Are you telling me that the wealthiest, I mean the most obscenely rich and powerful people in the world - the royals, for example - are just going to step down and suddenly become the same as everyone else, driving a Prius and putting their kids in public schools? That's what I mean by the power structure. I don't mean the government, I mean the real POWER - where the real money is at. The current power structure was set in place by the Golden Rule -"he who has the gold, makes the rules" - and I find it highly unlikely these individuals, families, and others who have been so enriched by the capitalist system are going to give up their wealth and power to become and ordinary Joe in some new, experimental society. Surely they'll want a stake in things - they'll get it, too. And we're right back where we started, only now with MORE control over the individual.

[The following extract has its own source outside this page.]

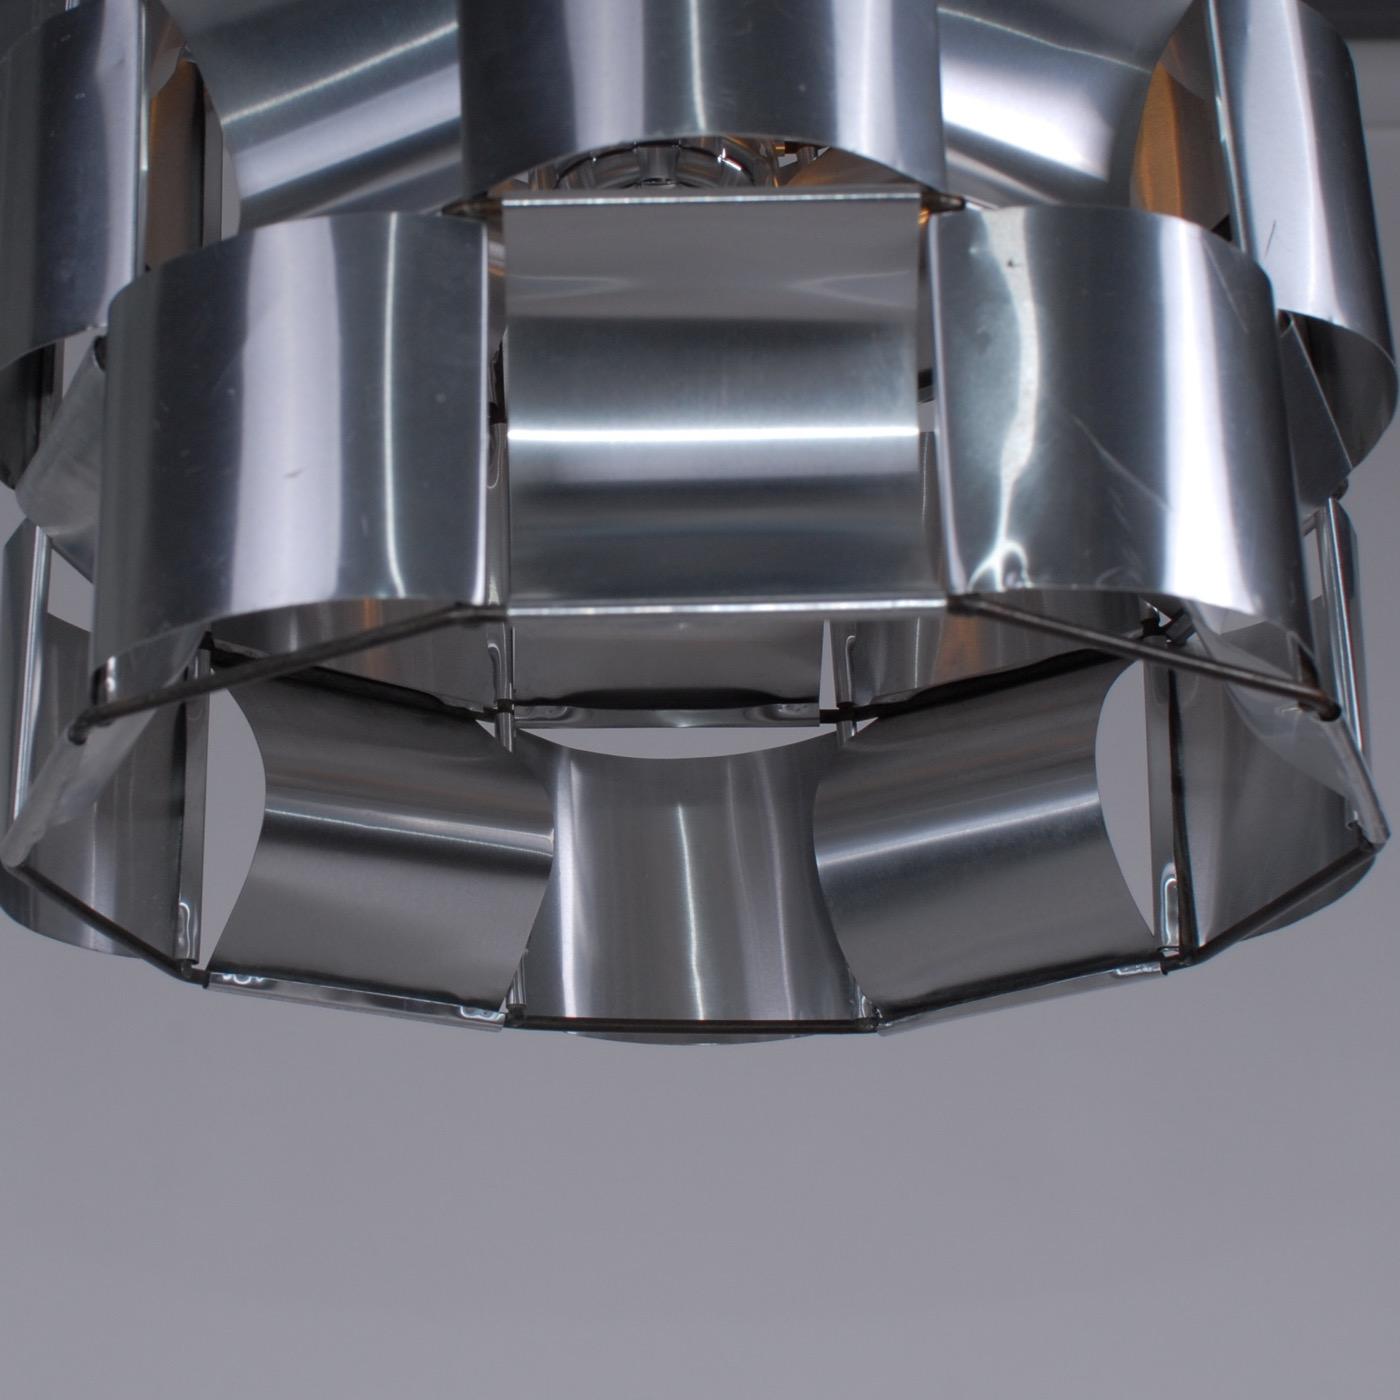 20th Century French Space Age Max Sauze Aluminium Silver Ceiling Lamp 1970s Early Production

If you're talking about Bolshevik style revolution of storming the gates and physically seizing assets from the rich, then you're probably right. However, this isn't 1917. Five years ago these institutions were about to collapse in on themselves anyway, and it was up to YOU and I to keep THEM afloat. Society is changing all the time. Production is becoming more efficient, domestic labor is becoming more expensive, and this debt based system of speculative finance is simply unsustainable. Social orders have come and gone throughout history, it's no stretch of the imagination to assume that this one will be done away with as well. Those in power have always had a hard time keeping their grasp on society as it changes against their favor.
Imagine working out the kinks moving from capitalism to socialism. It would be bloody as hell, for one thing. I just don't see how we could realistically go from a capitalist to a socialist society without forcing it on people, and when people are forced, they fight. I don't know what's being said out there about this - how is it supposed to "go down" so to speak? There would have to be huge military involvement, ousting of current leaders, dividing up the fine china in every household so everyone on the whole block is equal - how is this even realistic?
I imagine this is the exact conversation that took place between a bourgeois shop owner and a feudal land lord in 1792 France. Imagine a transition from a king to a parliament! Well, I guess that episode ended quite bloodily, but it's not always the case.
I believe you have a misguided idea of what socialism is. It's not everyone owning the same number of plates and forks. I'm a determinist in that I think there will have to be some sort of resistance and struggle for a socialist transition, but I also think that when the time comes for this transition, it's necessity will be very apparent. Capitalists will realize that they're just rearranging the deck chairs of the Titanic and that their time is coming to an end, not only because of the growing resistance to the system, but because their system of economic relations is simply not sustainable.